There are countless research studies showing that kids who are more involved in extracurriculars fare better on just about every conceivable metric —they earn better grades, have higher self-esteem, are less likely to get in trouble and so forth.

But what about grit? What about accomplishing something that takes years, as opposed to months, of work? If grit is about sticking with a goal for the long-term, and if extracurricular activities are a way of practicing grit, it stands to reason that they’re especially beneficial when we do them for more than a year.


The hard thing rule

  1. Everyone has to do a hard thing, including Mum and Dad – something that requires daily deliberate practice.
  2. You can quit, but you can’t quit till the season is over or some other natural ending has occurred.
  3. YOU get to pick your hard thing. Not your parents, or elder siblings, or friends.
  4. When you reach high school, you must commit for 2 years.


For parents who would like to encourage grit without obliterating their children’s capacity to choose their own path, I recommend the Hard Thing Rule.



Whether we realize it or not, the culture in which we live, and with which we identify, powerfully shapes just about every aspect of our being. At its core, a culture is defined by the shared norms and values of a group of people.

The bottom line on culture and grit is: If you want to be grittier, find a gritty culture and join it. If you’re a leader, and you want the people in your organization to be grittier, create a gritty culture.



In the long run, culture has the power to shape our identity. Over time and under the right circumstances, the norms and values of the group to which we belong become our own. We internalize them. We carry them with us. The way we do things around here and why eventually becomes The way I do things and why.



If you create a vision for yourself and stick with it, you can make amazing things happen in your life. Once you have done the work to create the clear vision, it is the discipline and effort to maintain that vision that can make it all come true. The two go hand in hand. The moment you’ve created that vision, you’re on your way, but it’s the diligence with which you stick to that vision that allows you to get there.

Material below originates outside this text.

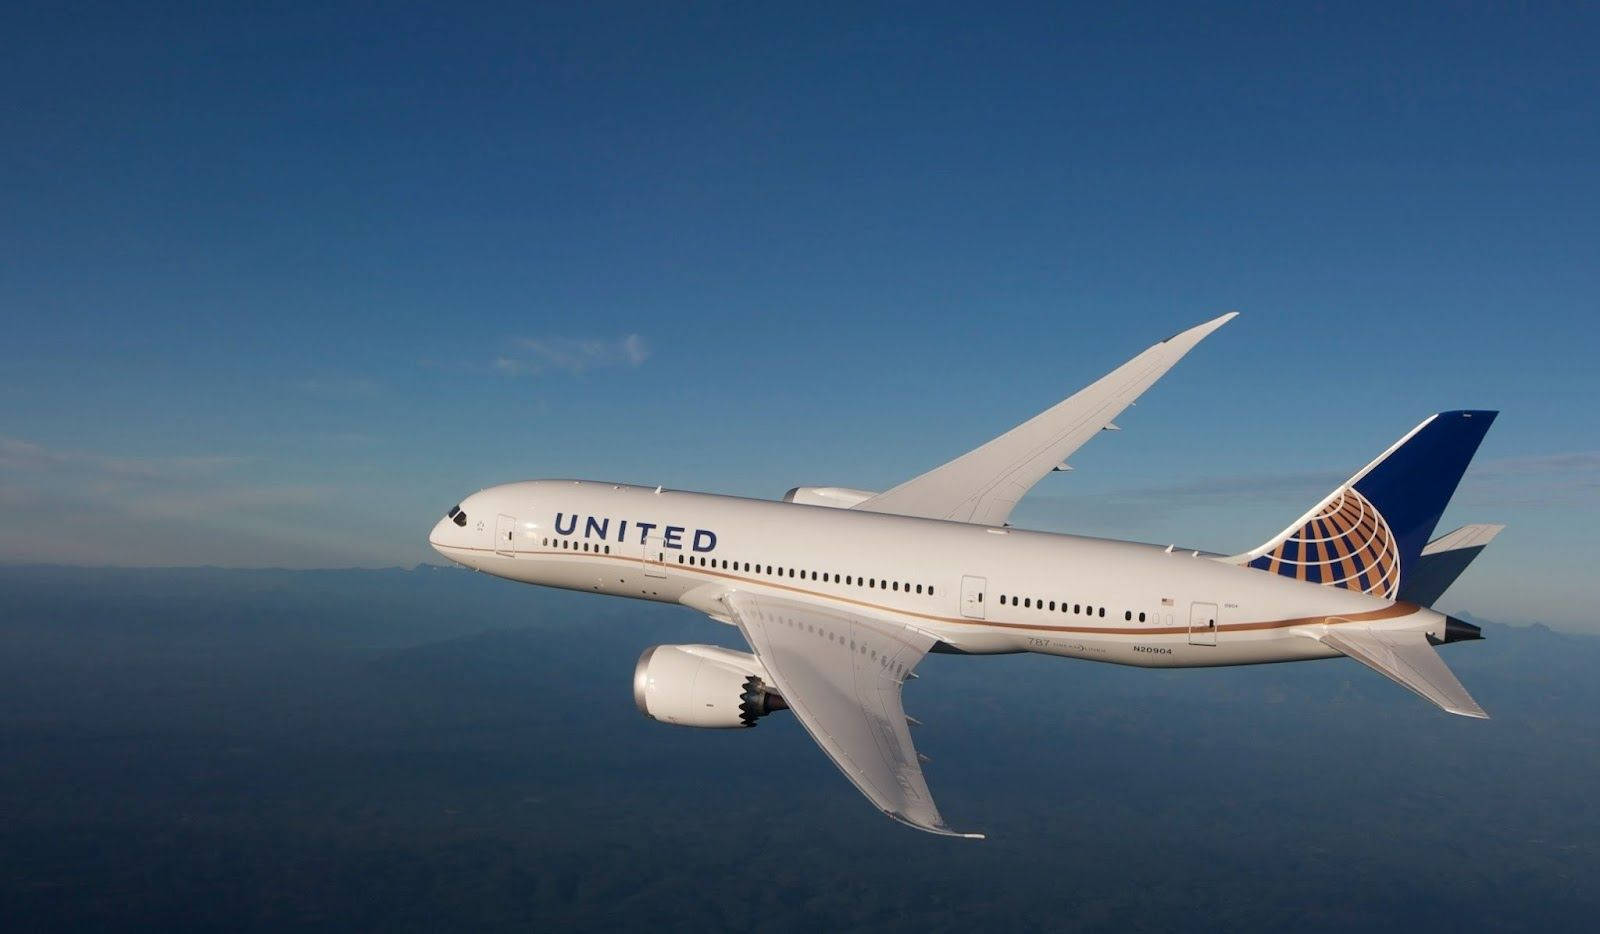 Aviónde United Volando En Un Cielo Azul. Fondo de pantalla

What we accomplish in the marathon of life depends tremendously on our grit—our passion and perseverance for long-term goals. An obsession with talent distracts us from that simple truth.

On your own, you can cultivate your own grit from the inside out. You can cultivate interests, develop and habit of daily practice and work on a purpose beyond yourself.

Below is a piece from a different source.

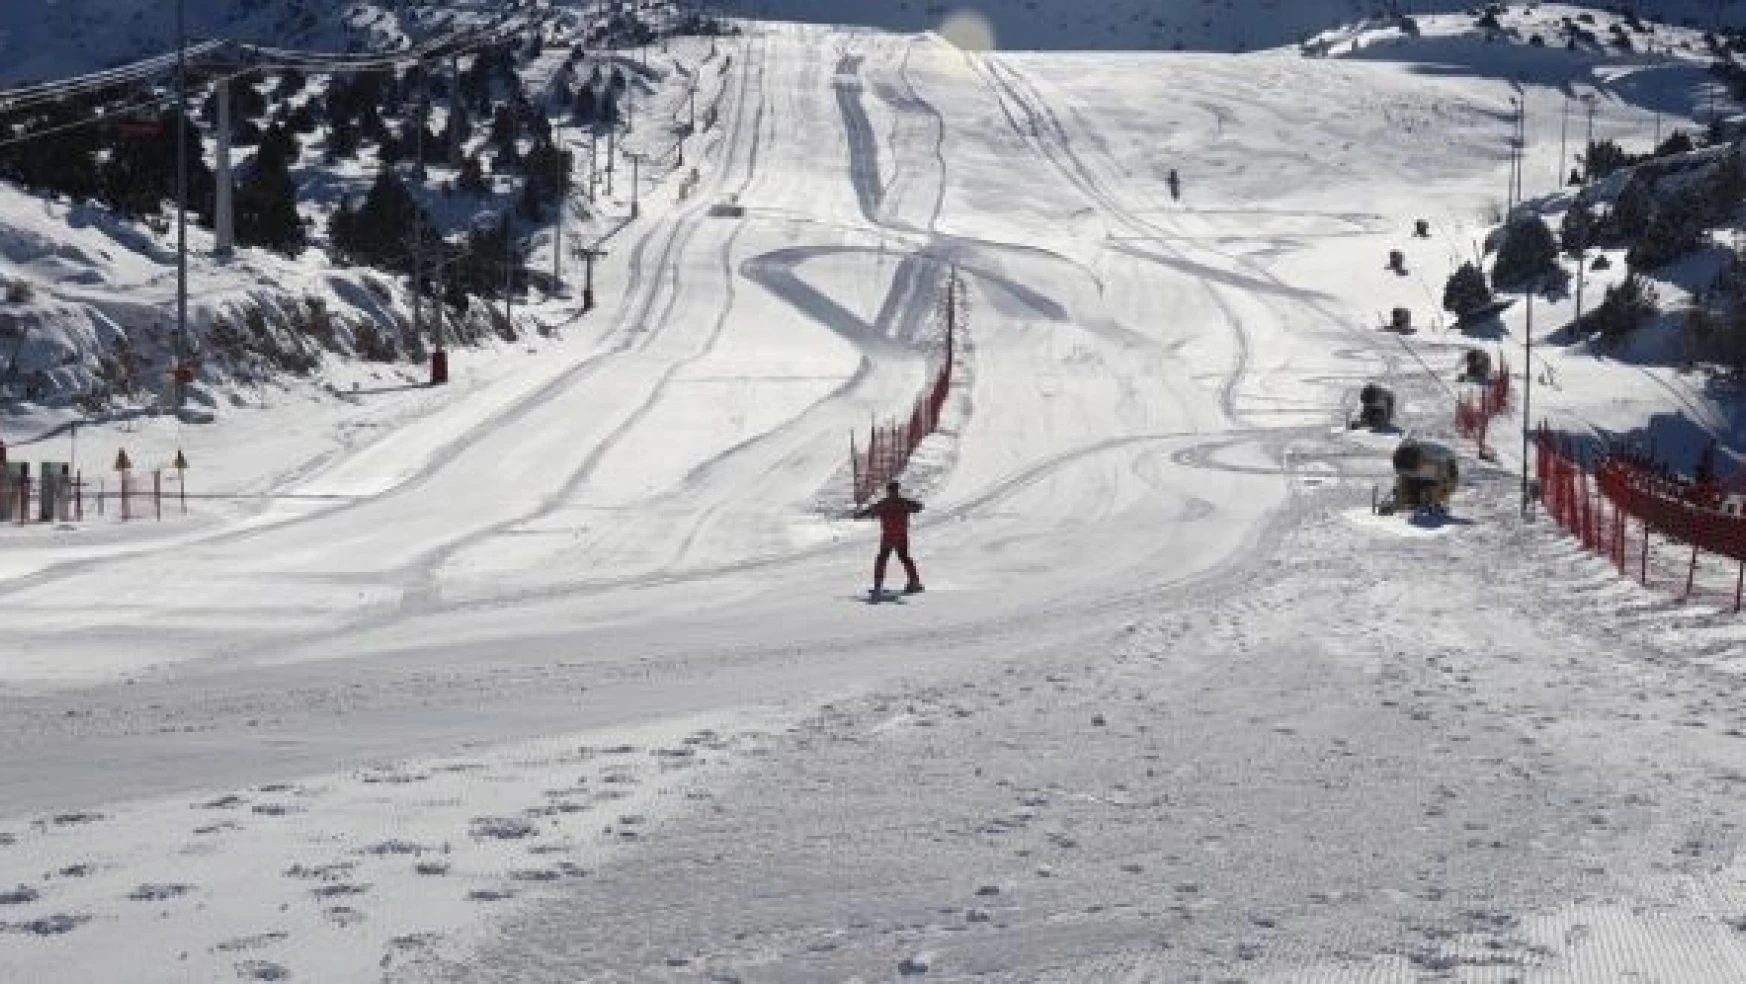 Ergan Dağı Kayak Merkezi'nde kayak sezonu açılıyor

You can also grow your grit “from the outside in.” Parents, coaches, teachers, bosses, mentors, friends—developing your personal grit depends critically on other people.

To be gritty is to keep putting one foot in front of the other. To be gritty is to hold fast to an interesting and purposeful goal. To be gritty is to invest, day after week after year, in challenging practice. To be gritty is to fall down seven times, and rise eight.”